The most reliable and cost-effective web search, scraping and crawling API for AI. Build intelligent agents that can search, scrape, analyze, and structure data from any website.
Project description
LangChain Olostep Integration
The most reliable and cost-effective web search, scraping and crawling API for AI.
Build intelligent agents that can search, scrape, analyze, and structure data from any website. Perfect for LangChain and LangGraph applications.
Features
This integration provides access to all 5 Olostep API endpoints:
1. Scrapes (/v1/scrapes)
Extract content from any single URL in multiple formats (Markdown, HTML, JSON, text). Handles JavaScript rendering, anti-scraping measures, and supports specialized parsers for specific websites.
2. Batches (/v1/batches)
Process up to 10,000 URLs in parallel. Batch jobs typically complete in 5-8 minutes regardless of batch size. Perfect for large-scale data extraction and competitor analysis.
3. Answers (/v1/answers)
AI-powered web search with natural language queries. Ask questions and get structured answers with sources. Ground your AI products on real-world data and facts. Perfect for data enrichment and research.
4. Maps (/v1/maps)
Extract all URLs from a website for site structure analysis and content discovery. Can discover up to ~100,000 URLs in a single call. Perfect for SEO audits and preparing URLs for batch processing.
5. Crawls (/v1/crawls)
Autonomously discover and scrape entire websites by following links.
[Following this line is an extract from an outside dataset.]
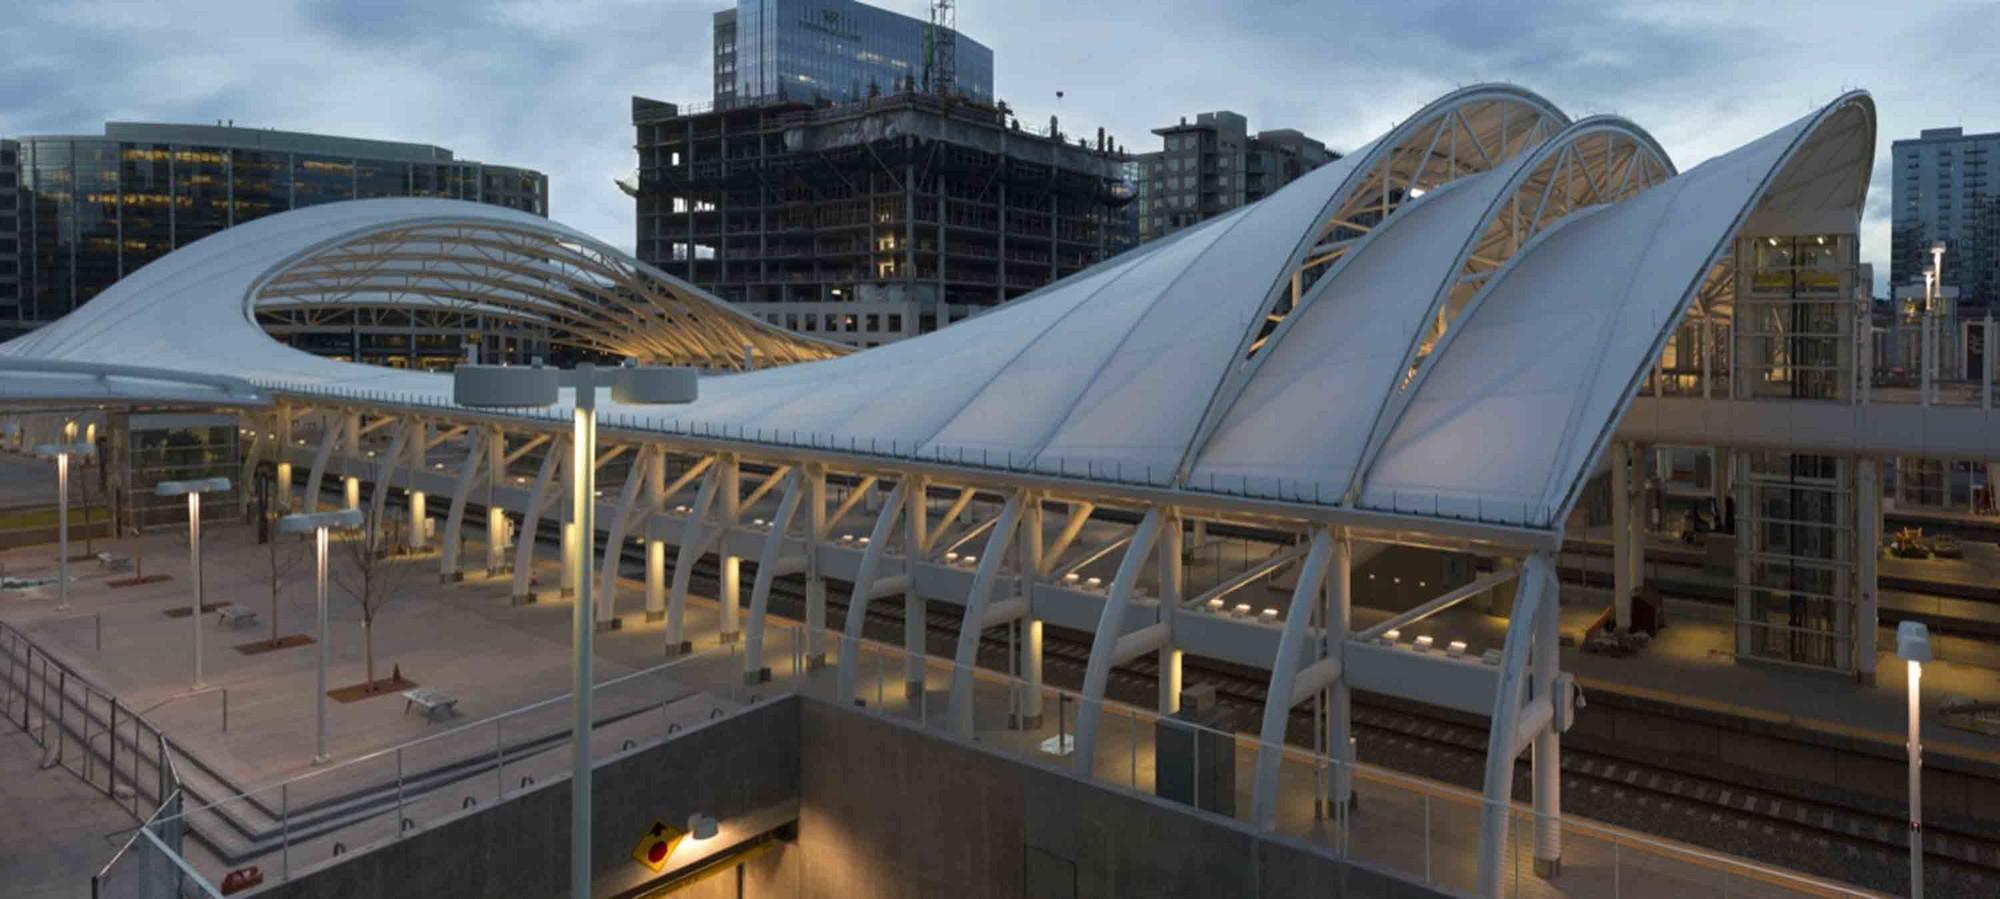 Denver Union Station Som Archdaily
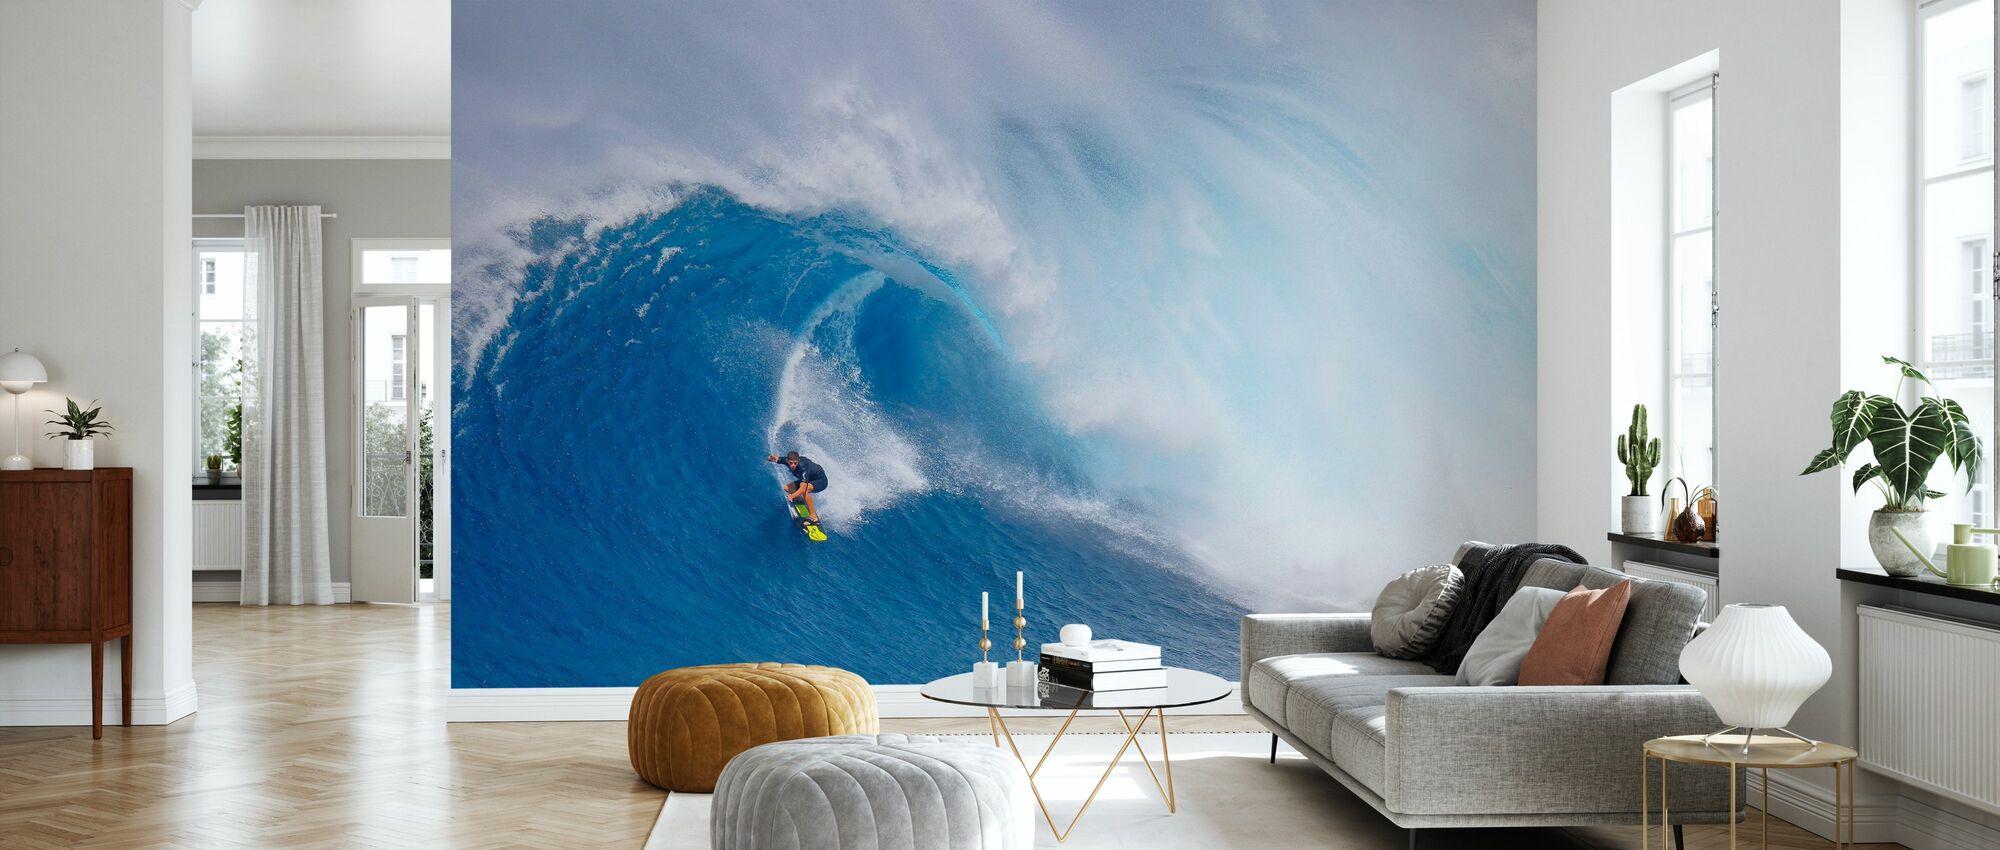 Surfing Jaws - Wallpaper - Living Room

Perfect for documentation sites, blogs, and comprehensive website data extraction.
Core Capabilities
- Multiple Formats: Markdown, HTML, JSON, and plain text
- JavaScript Rendering: Automatic handling of dynamic content
- Specialized Parsers: Custom parsers for Amazon, Google Search, and more
- Location-Specific: Scrape with country-specific settings
- LangGraph Ready: Perfect for building complex AI agent workflows
- Cost-Effective: Pay only for what you use
Installation
pip install langchain-olostep
Setup
Set your Olostep API key:
export OLOSTEP_API_KEY="your_olostep_api_key_here"
Get your API key from https://olostep.com/dashboard
Quick Start
1. Basic Web Scraping
from langchain_olostep import scrape_website
import asyncio
# Scrape a website
content = asyncio.run(scrape_website.ainvoke({
"url": "https://example.com",
"format": "markdown"
}))
print(content)
2. Batch Scraping
from langchain_olostep import scrape_batch
import asyncio
# Scrape multiple URLs in parallel
result = asyncio.run(scrape_batch.ainvoke({
"urls": [
"https://example1.com",
"https://example2.com",
"https://example3.com"
],
"format": "markdown"
}))
print(result)
3. AI-Powered Web Search & Q&A
from langchain_olostep import answer_question
import asyncio
# Ask a question and get structured answer
result = asyncio.run(answer_question.ainvoke({
"task": "What is the latest book by J.K. Rowling?",
"json_schema": {
"book_title": "",
"author": "",
"release_date": ""
}
}))
print(result)
# Returns: {"book_title": "The Hallmarked Man", "author": "J.K. Rowling", ...}
# Also includes sources used
4. Extract URLs from Website
from langchain_olostep import extract_urls
import asyncio
# Get all URLs from a website
result = asyncio.run(extract_urls.ainvoke({
"url": "https://example.com",
"include_urls": ["/blog/**"], # Only blog posts
"top_n": 100
}))
print(result)
5. Crawl Entire Website
from langchain_olostep import crawl_website
import asyncio
# Autonomously crawl and scrape a website
result = asyncio.run(crawl_website.ainvoke({
"start_url": "https://docs.example.com",
"max_pages": 100,
"exclude_urls": ["/admin/**"]
}))
print(result)
Usage with LangChain Agent
from langchain.agents import initialize_agent, AgentType
from langchain_openai import ChatOpenAI
from langchain_olostep import (
scrape_website,
answer_question,
extract_urls
)
# Create agent with Olostep tools
tools = [scrape_website, answer_question, extract_urls]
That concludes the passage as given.